Why it matters: World, formerly known as Worldcoin, has struggled to convince everyday internet users to sign up for its identity verification system.
- But as AI agents proliferate, companies are increasingly looking for ways to verify not just who users are, but whether a real human is behind an online interaction at all.
Driving the news: World upgraded the protocol behind its identity tool, World ID, and is open-sourcing it so any app can integrate it as an authentication layer.
- The company is also launching a standalone World ID app, where users can store credentials and use them to log into other services.
Between the lines: The announcement bundles together a range of previously introduced ideas — from AI agent verification tools to non-biometric sign-in options — as World tries to push its technology into more mainstream use.
- World argues that verifying humans is becoming more urgent as AI companies roll out new agents and work towards AGI — making it harder to distinguish AI from real people.
- "When anything can be fake, you don't know who and what to trust," Tiago Sada, chief product officer at Tools for Humanity, which develops World, told Axios.
How it works: World ID is designed to function more like a CAPTCHA replacement than a traditional identity system, Sada said.
- The protocol has three-tiers for how users can validate their identities: taking a selfie, submitting an official government-issued ID, and going in-person to an "orb" to scan your iris.
- Each company that uses World ID to verify someone's "humanness" decides which level of verification they require.
Zoom in: World is now leaning on partnerships to drive adoption.
- Zoom plans to integrate World ID to help verify participants on video calls and guard against deepfake impersonation.
- DocuSign is testing World ID as a way to confirm that a real human — not a bot or compromised account — is behind a digital signature.
- Okta and Vercel are working with World on tools to verify that a real human approved certain actions taken by AI systems.
- Tinder is expanding a previous pilot in Japan to the U.S., allowing users to verify that a real person is behind a profile.
- VanEck is testing an in-office "orb" for employee verification.

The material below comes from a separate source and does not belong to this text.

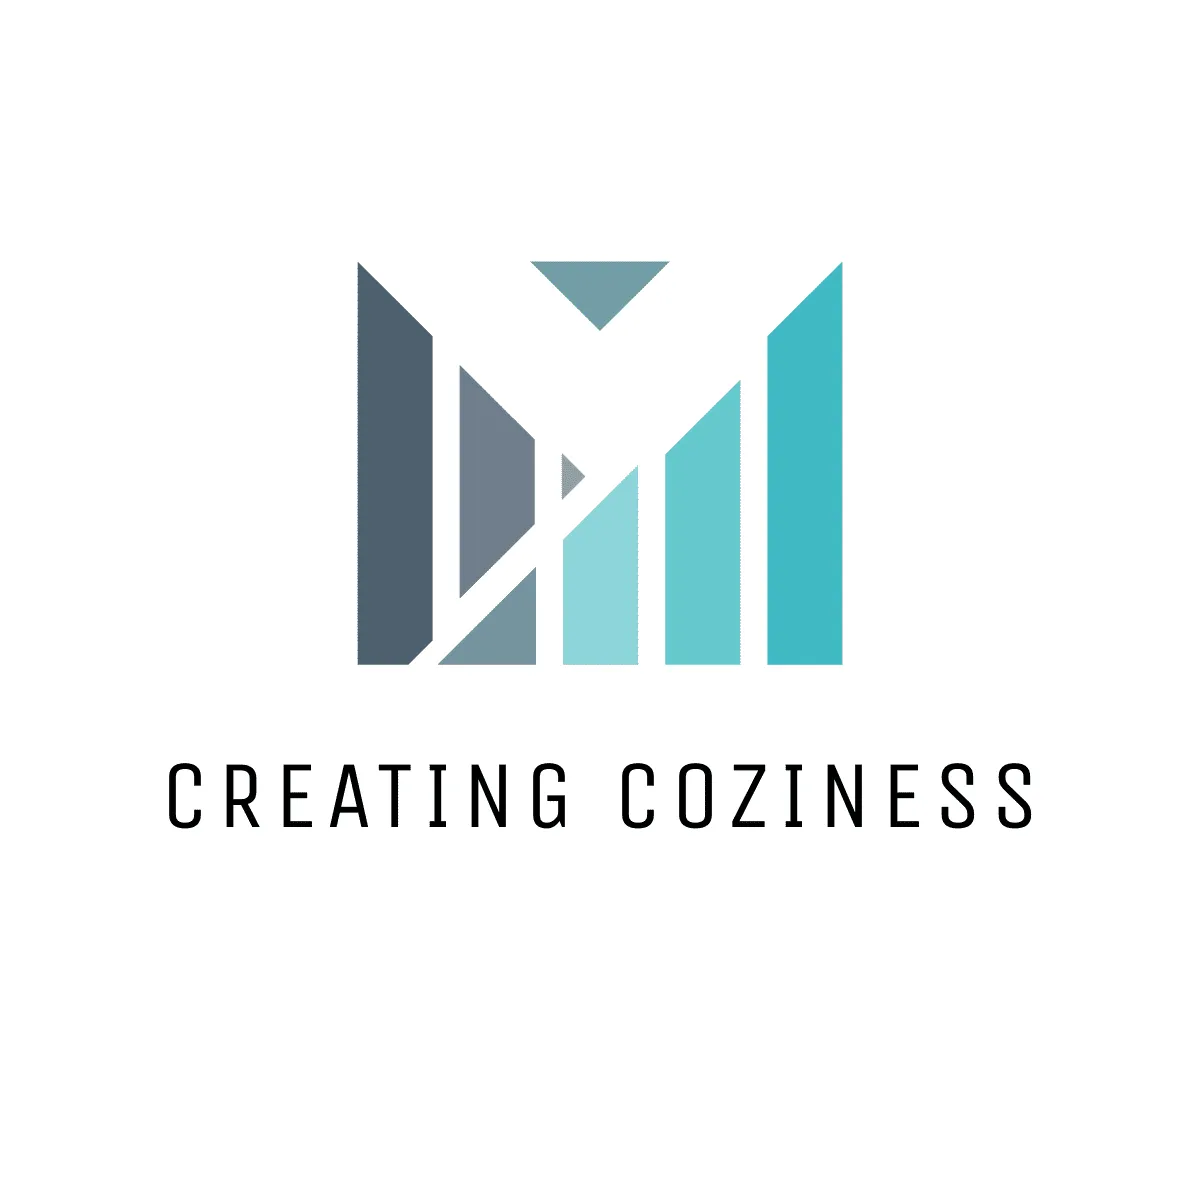 Creating Coziness

- World is also launching a "Concert Kit" tool designed to help artists reserve tickets for verified humans and cut down on bot-driven ticket scalping.
By the numbers: About 17.9 million people have signed up for World ID globally, according to the company.
- The Wall Street Journal reported last month that roughly 1.1 million of those users are in North America.
Yes, but: Analysts have called the program "problematic on many levels," due to the security and governance concerns.
What to watch: World will soon expand the number of "orbs" available in San Francisco, New York City and Los Angeles so most people in those cities are within about 5-10 minutes from one, Sada said.
- World also plans to bring its "orb-on-demand" service to San Francisco after piloting it in Argentina last year, Sada added.